SPUTNIK: The US-China trade war has escalated significantly in recent months, indicating a major crossroads for China's ambitions towards autonomy. Is Beijing ready to build a self-sufficient tech industry and can it weather the storm before reaching such a milestone?
Abishur Prakash: It doesn’t matter if China is or is not ready. It has no choice but to become self-sufficient in technology, and the US tech-based foreign policy has created a new “status quo” for China.
Look at Chinese technology firms. From Huawei to Bytedance to Alibaba, Chinese firms are being forced to play by a new set of business rules that are hijacking their business model and profitability.
For example, Huawei has mulled selling Honor, one of its smartphone divisions, because of restrictions around chips.
Of course, becoming self-sufficient in areas like semiconductors, software and servers, will take time, with many bumps along the way. Some Chinese technology firms may go bust or certain Chinese tech ambitions may need to be tempered.
But, it won’t take as long as some suspect for China to catch up. For instance, China’s chip industry is where China’s software industry was a decade ago. Nobody viewed Chinese software as comparable or even close to the American equivalents, but today, Huawei is set to launch its own operating system, HarmonyOS, to replace Android and Windows.
The technology gap between China and the US is shrinking.

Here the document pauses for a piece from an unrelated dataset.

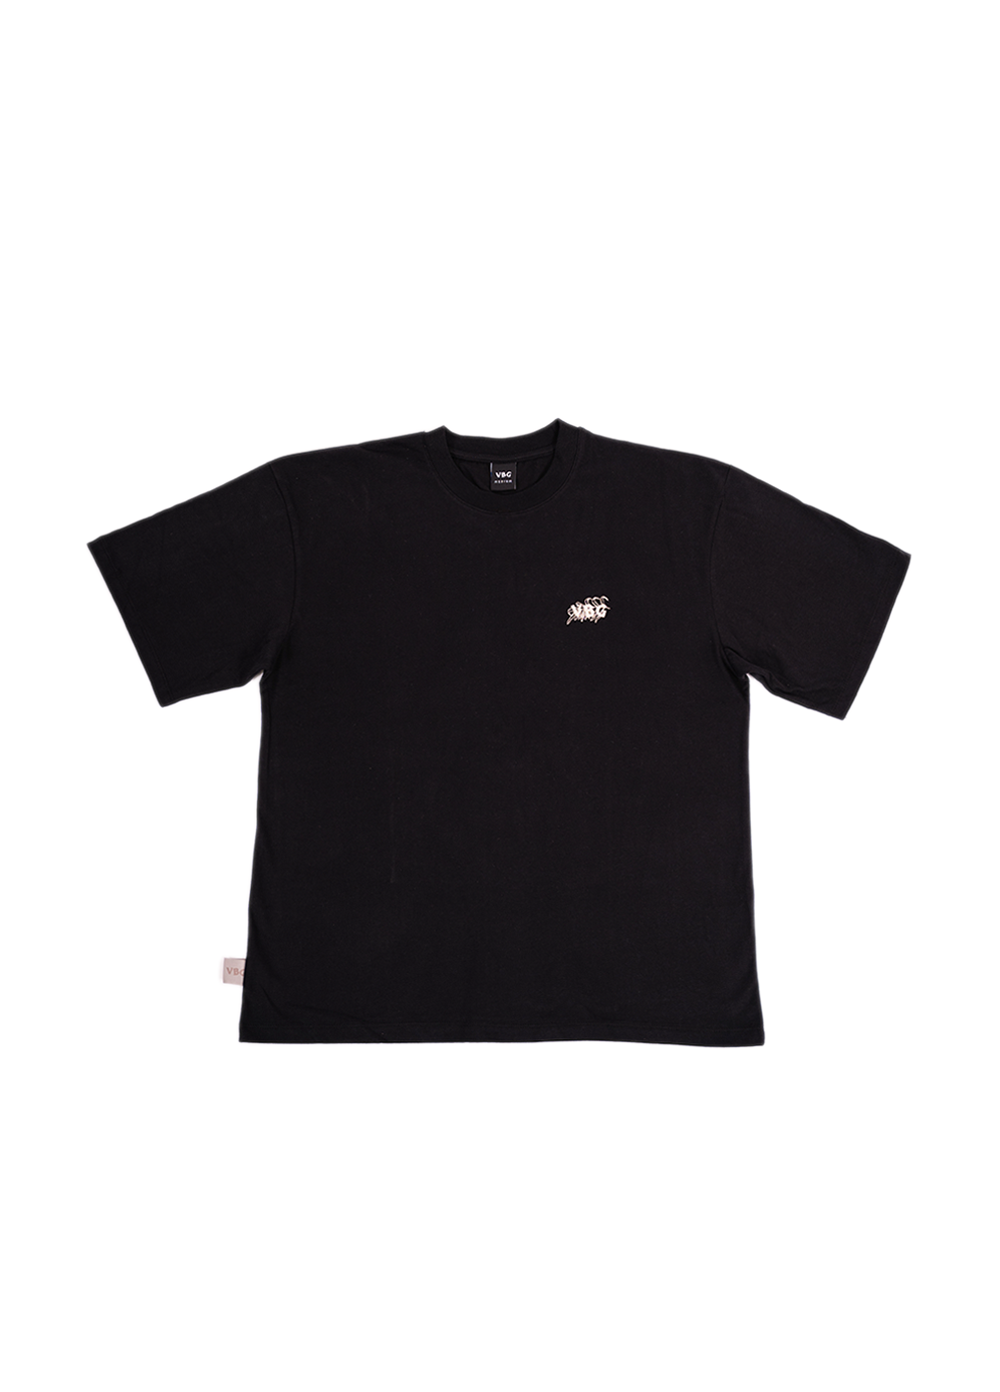 "Leaf Stitch" T-Shirt - Black - VBG
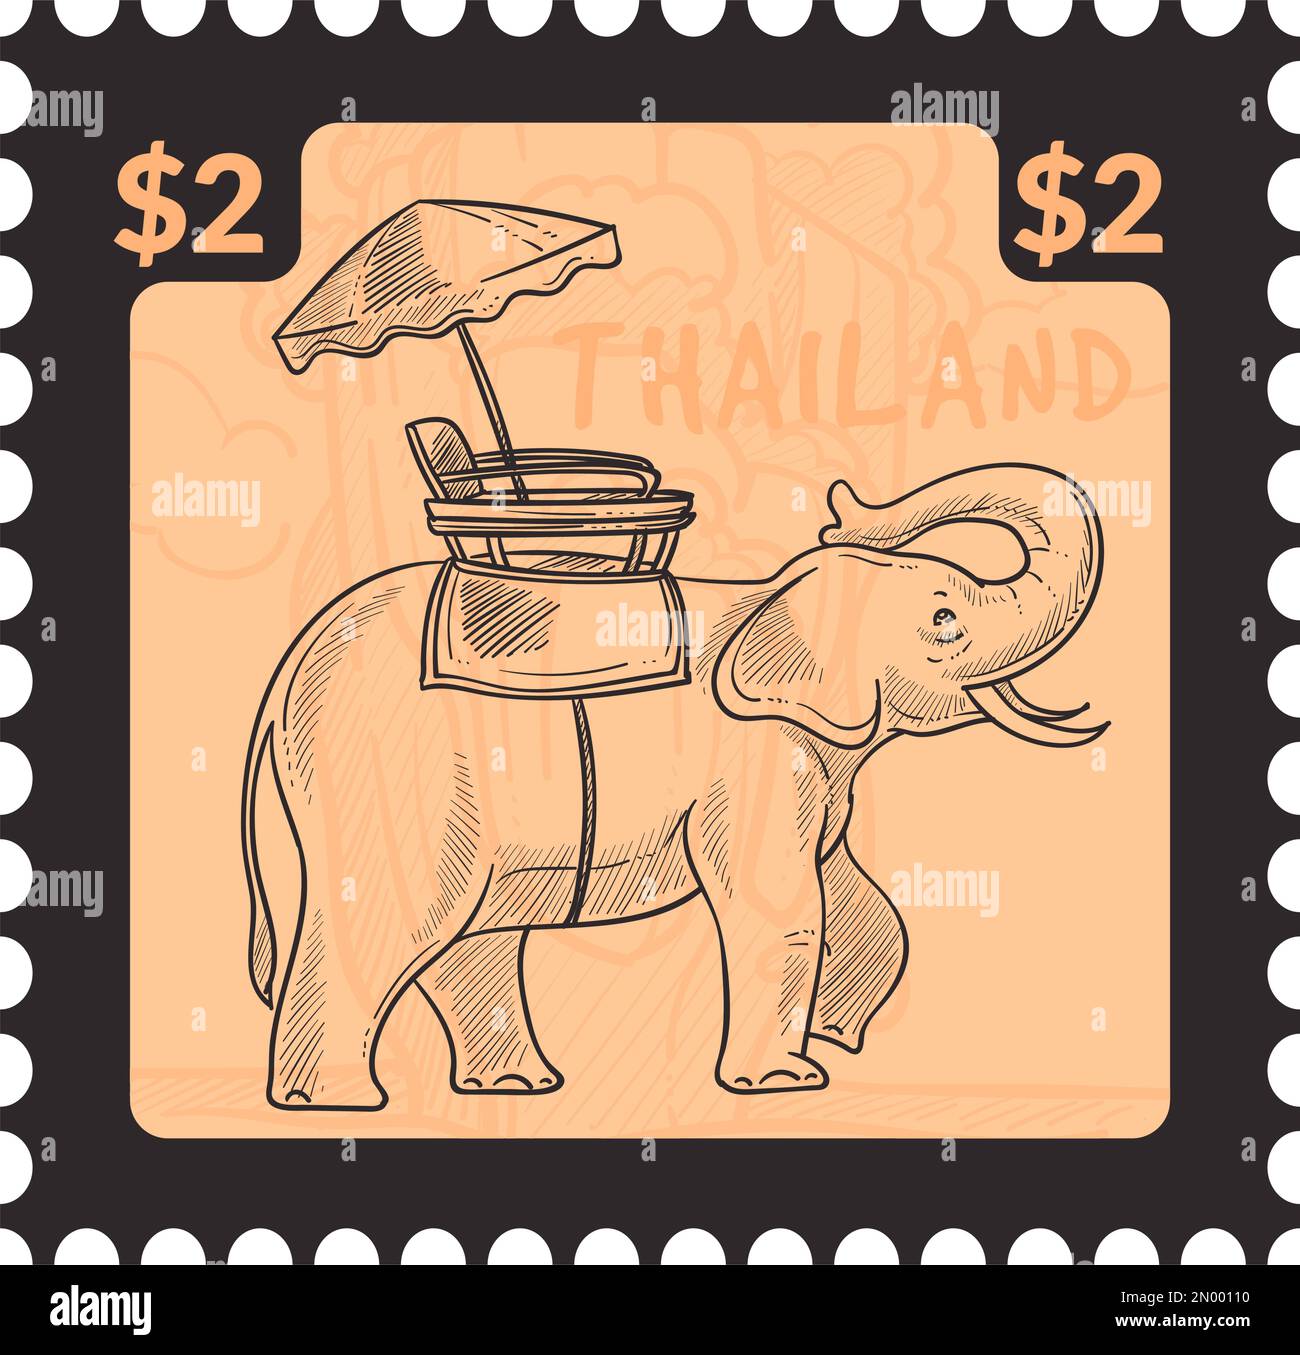 Intrattenimento ricreativo in Thailandia, giro in elefante Illustrazione Vettoriale

SPUTNIK: Several key tech firms have entered buyout talks, including the Nvidia-Arm and AMD-Xilinx deals. Can you explain how such a buyout could affect Chinese firms' access to key technologies? Are Beijing's concerns over a potential expansion of restrictions valid, and how could Trump use this to his advantage?
Abishur Prakash: Nvidia's buyout of Arm comes at a pivotal moment for China. The global chip industry is increasingly becoming “off limits” for Chinese companies, and even non-US firms such as Samsung are giving China the cold shoulder when it comes to chips.
What makes Arm so important is its technology is fundamentally different than other chip technologies. Unlike Intel or AMD, Arm’s technology is used by Chinese firms to build chips. For instance, Huawei chips are based on Arm's architecture, and previously, the British firm has used its origins as a way to circumvent US sanctions to do business with China.
Considering China’s consumer goods firms are the 'golden children', Beijing may view Nvidia acquiring Arm as crossing a red line and push the Chinese government to block the deal.
SPUTNIK: Following Moore's Law, the global chipmaking industry has become increasingly competitive. What strategies are China taking to procure chips without outsourcing architecture from third-party firms, or violating IP rights and trade restrictions? What would be the best interim plan for such companies while working towards such a goal? How might China go about procuring chips considering has been losing access and many of its technology firms are under pressure (i.e. Huawei)?
Abishur Prakash: China knows that it has to operate at warp speed to procure chips, and it’s already taking steps.
First, China is focusing on attracting the best semiconductor talent, and has already poached more than 3,000 semiconductor experts from Taiwan. More recently, two Chinese chip firms hired 100 former employees from TSMC, the world’s biggest chip manufacturer based in Taiwan, to work on chip projects backed by the Chinese government.
Second, China is turning to open-source chip technologies to circumvent Western companies. For example, Alibaba has unveiled its Hanguang 800 chip for the Internet of Things (IoT) and 5G, built on the open-source RISC-V solution from a US university. Alibaba has also developed its own AI-chips, which it has deployed throughout its business operations.
Third, many Chinese firms are investing in the next era of chips, which isn’t necessarily controlled by the US. An example of this is Horizon Robotics, a Chinese technology firm that’s developed “AI on a chip,” allowing appliances to communicate with one another without the Internet.
This could mean that chip wars between the US and China are not black and white, and there is far more taking place than meets the eye.
SPUTNIK: Beijing is set to launch fresh countermeasures against Washington to level the playing field in the ongoing trade war. In a worst case scenario, could you tell us a few examples of US firms which depend on Chinese technologies or components, and the impact of countermeasures on their supply chains?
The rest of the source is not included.